- By Nicole Ziege @NicoleZiege
Ruthie and Timothy Caldwell, a local couple from Pikeville, are weaving food, history and storytelling together to create a unique culinary company.
Mr. Tibbs’ Trading Company is an e-commerce business that sells handmade gift boxes, containing hand-picked foods and activities from different cultures and heritages, specialized to each box and each theme. Inside the box, there is also a letter detailing the adventures of a fictionalized character named “Mr. Tibbs,” who is the company’s namesake and a 1920s explorer. Mr. Tibbs’ adventures, Timothy said, are inspired by real food, places, people and events and create a unique storytelling experience for their customers.
“You’ll open the box and be greeted by a letter that’s sealed in wax by a 1920s explorer named Mr. Tibbs, and him and his pet pig Squeebah in the 1920s went across the world discovering the great flavors that the world has to offer,” Timothy said. “They send the boxes to you and talk about their adventures in the 1920s in that place. They also tell you why anyone should be proud to be of that culture or heritage. Then, the food itself continues the story where each food, we describe its significance to the people and how it tells a story of that people.”
The Pikeville duo started Mr. Tibbs’ Trading Company in August 2019 after they wanted to start an old-time candy store in downtown Pikeville. Due to cost barriers, they decided to take a different route with their company and focus on how to start a business in a more manageable way.
The couple started selling specialized homemade drinks in pop-up booths at several festivals, including the Jenny Wiley Festival and the Pikeville Winterfest. From there, they decided to expand into e-commerce and create a new culinary experience for their customers. Since the pandemic, they have sold items at special events for the motorsports non-profit organization Backroads of Appalachia, with which they hope to partner in the future.

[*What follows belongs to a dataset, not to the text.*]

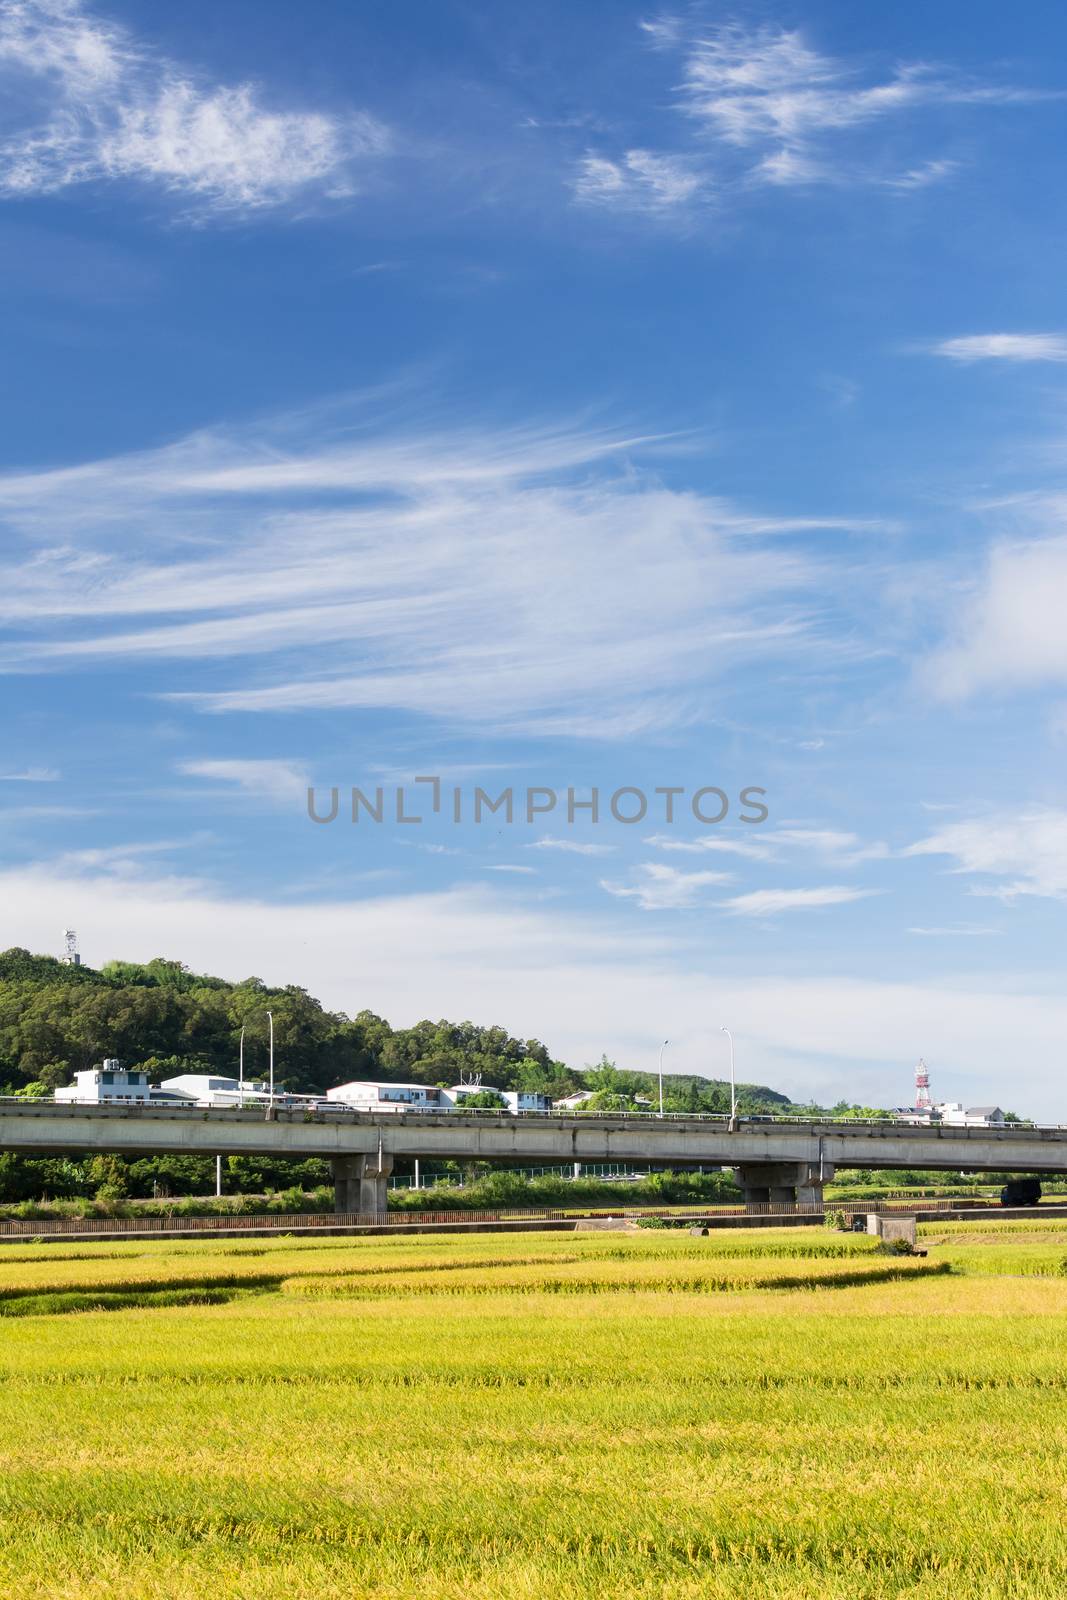 Landscape of paddy farm under blue sky in Hualien, Taiwan, Asia.

“Every day we saw an increase in sales. People
really appreciated our drinks because all of the drinks are our own creation, and the business really started to pick up from there with the drinks,” Timothy said, regarding their initial pop-up booths. “We kind of used it as a stepping stone to get to what we really wanted to do, which is e-commerce business, which brings us to the real heart and soul of the company.”
Each box they sell contains different types of foods and activities. For example, the Appalachian Snack Box contains some snacks from Appalachia — like Ale-8-One soda, banana Moon Pie, apple butter and crackers and shredded Mingua beef jerky, among other items — in order to provide customers with a taste of Appalachia. That particular box was developed for Backroads of Appalachia and is still available on sale on the company’s website.
Another example was the Christmas Heritage Box, which allowed customers to explore Christmas traditions of a country of their choice (between Great Britain and Germany), taste traditional foods from that country and play a traditional game that tells the story of that people. This box is now sold out on the website.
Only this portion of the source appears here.